Apple’s announcement appeared to do little to assuage those concerns at the nation’s three largest magazine publishers. All three — Time Inc., Hearst Magazines and Condé Nast — declined to say on Tuesday whether they planned to sell subscriptions under Apple’s new terms.
“This is an important step, but it really needs to go further,” said Nina Link, chief executive of the Association of Magazine Media. “There’s probably some sense of frustration because publishers would like it to be more flexible. I think everybody realizes it’s early in the game and there will be other tablets that may have friendlier business terms and that this may evolve.”
The new sales process could have implications beyond publishing, forcing companies like Amazon , Netflix and Rhapsody, the music subscription service, to share income with Apple for the first time. Under the new guidelines, they would be subject to the same 30 percent fee if the subscription — or in the case of Kindle books, a single title — is bought through the App Store, as many consumers are expected to do because they would not have to navigate to another Web site. Only if consumers buy subscriptions outside the App Store — for example, through the Web site of a magazine or Netflix.com — would the companies keep 100 percent of the sale price.

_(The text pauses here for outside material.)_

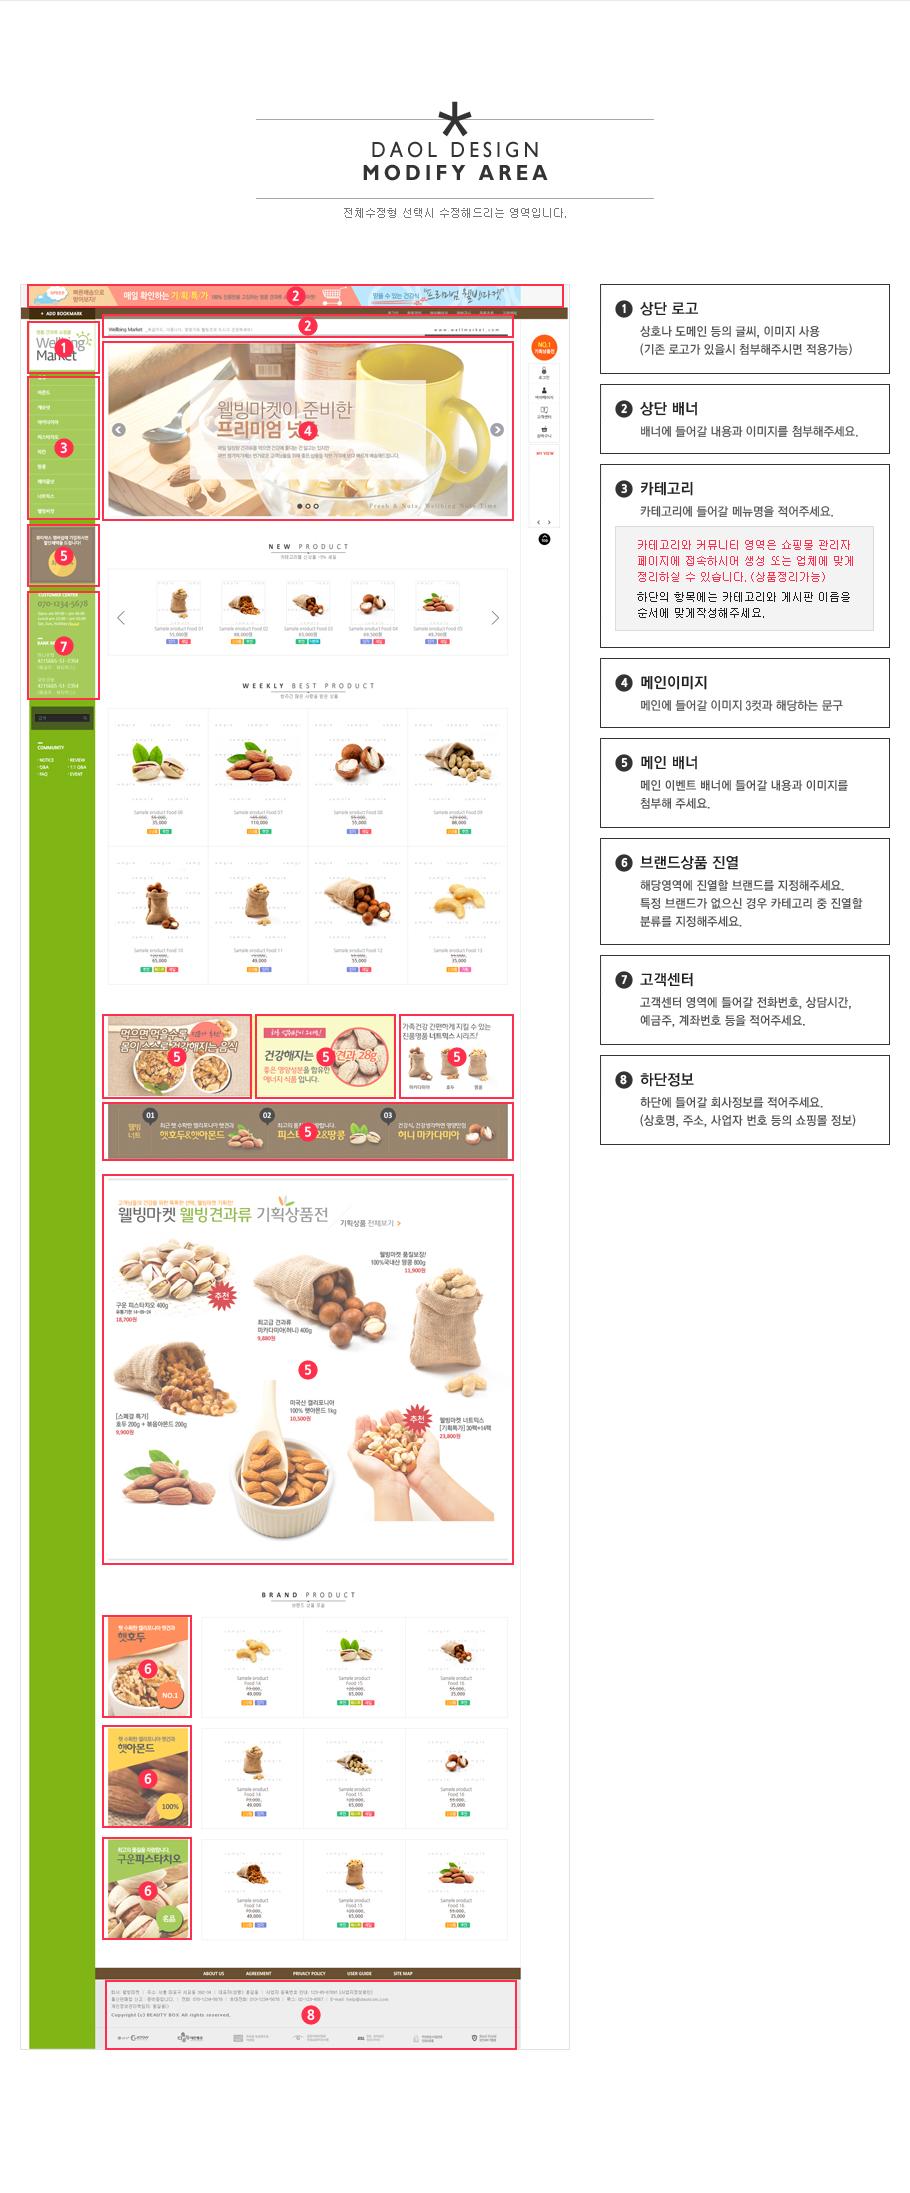 cosmetic1_상품상세페이지
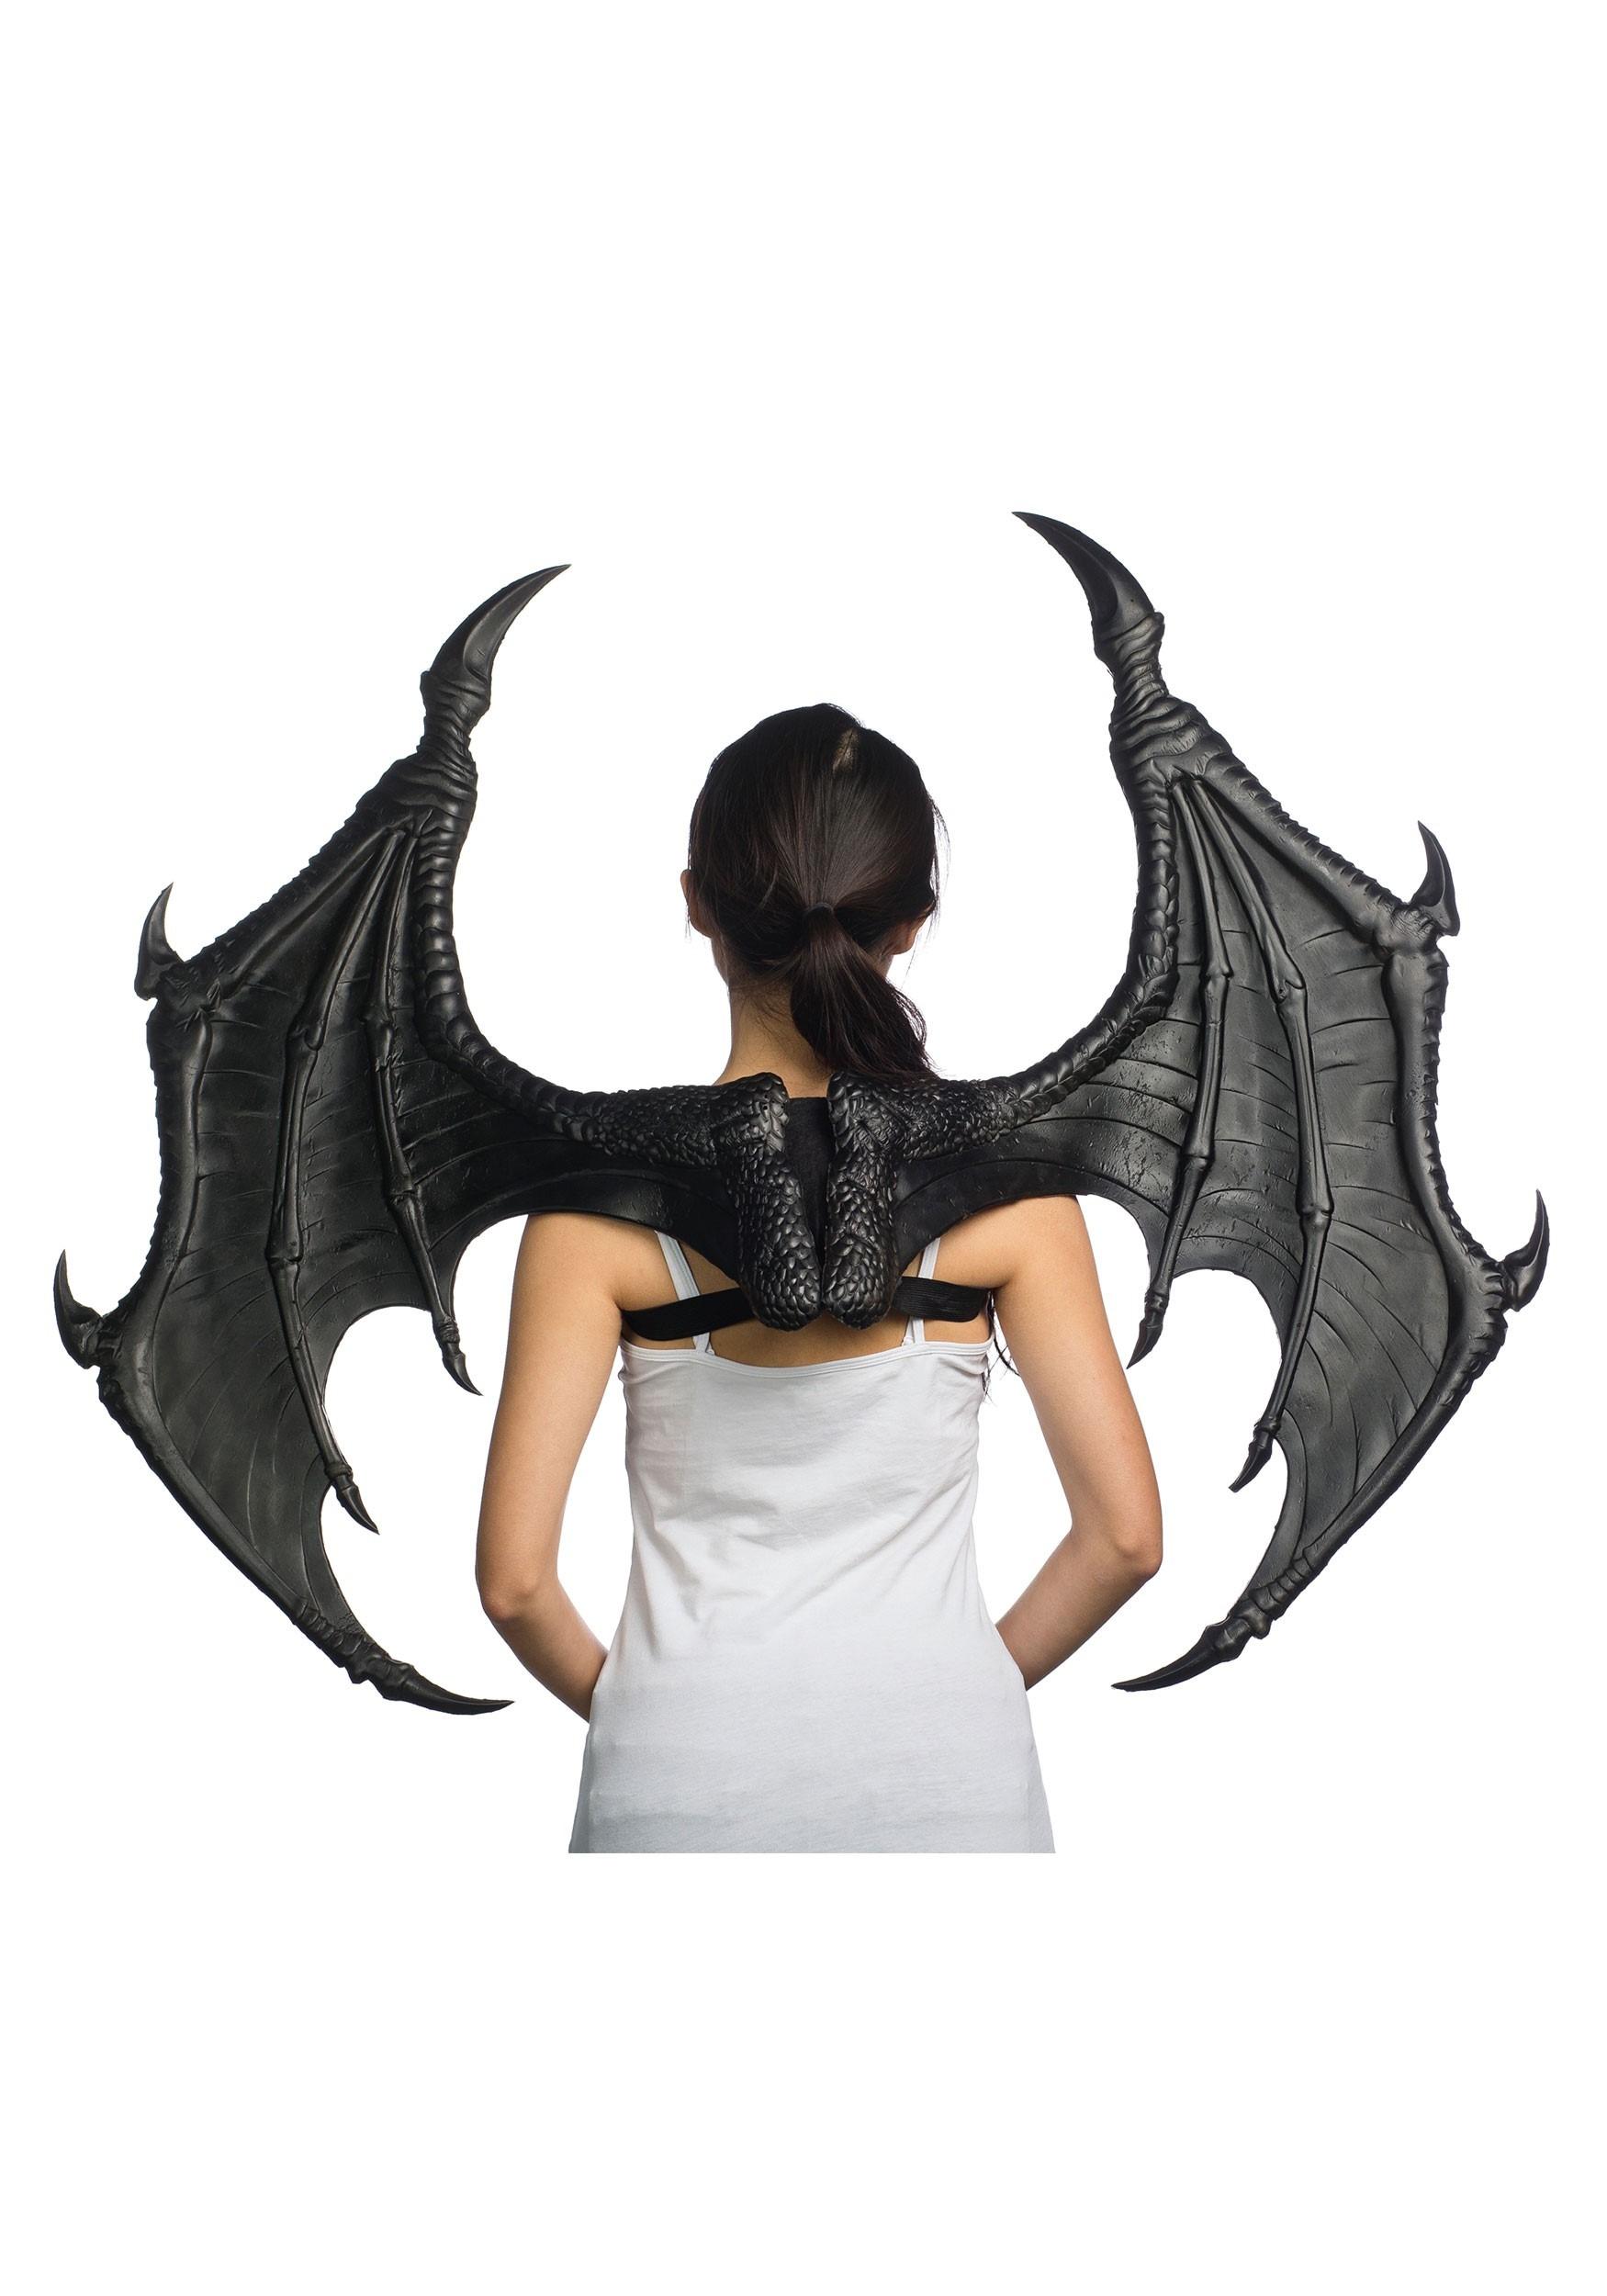 Ultimate Shiny Black Dragon Wings

Amazon and Netflix declined to comment. In a sharply worded statement, Rhapsody called Apple’s conditions “economically untenable.”
In an interview, Jon Irwin, president of Rhapsody, said, “I would have no choice but to pull the app out of the App Store.” In the statement, Rhapsody said it would work with its “market peers in determining an appropriate legal and business response to this latest development.” Mr. Irwin declined to clarify what the company meant.
Apple said that it would not allow discounting outside the App Store. A company must offer the same deals to customers buying through Apple as it does through its own Web site.
Steven P. Jobs, Apple’s chief executive, said in a statement: “Our philosophy is simple — when Apple brings a new subscriber to the app, Apple earns a 30 percent share; when the publisher brings an existing or new subscriber to the app, the publisher keeps 100 percent and Apple earns nothing.”
Another issue that will most likely prove problematic for those who sell iPad apps is that Apple will no longer allow links in apps that direct consumers to an external Web site where they can buy a subscription. Consumers who wish to buy directly from a site will have to find their way there themselves.
As part of the new arrangement, publishers can provide free access to existing subscribers. This was a major concern for Time Inc., which had an arrangement with Apple to allow print subscribers to People to download the People iPad app free.
A Time Inc. spokesman said that the company viewed Apple’s announcement as a positive step, but that it might not go far enough.
“It seems like Apple is taking a step toward our position on subscription offerings,” said the spokesman, Keith Cocozza. “But the announcement also raises many questions around consumer data that we would need to work through and agree on.”
Though Apple has agreed to share some data about subscribers with magazines — provided that subscribers consent when they make the purchase — publishing companies have been pushing for unfettered access to the information.
Many in the publishing business feel that few consumers would willingly hand over that information, but Apple said the decision about whether to provide personal information would be up to consumers.
On Tuesday at least two magazines, Elle and Popular Science, said they would begin selling subscriptions through the App Store. Elle is owned by Hachette Filipacchi and Popular Science by the Bonnier Corporation.
Beyond economics, Apple’s tight control over subscriber data, its insistence on keeping 30 percent of the sale price and limiting consumers’ abilities to go outside an app to buy a subscription could raise antitrust concerns.
“It is possible that regulators will look into them,” said Brian Pitz, an analyst with UBS. “And I think competition and pressure from others will push Apple to open up.”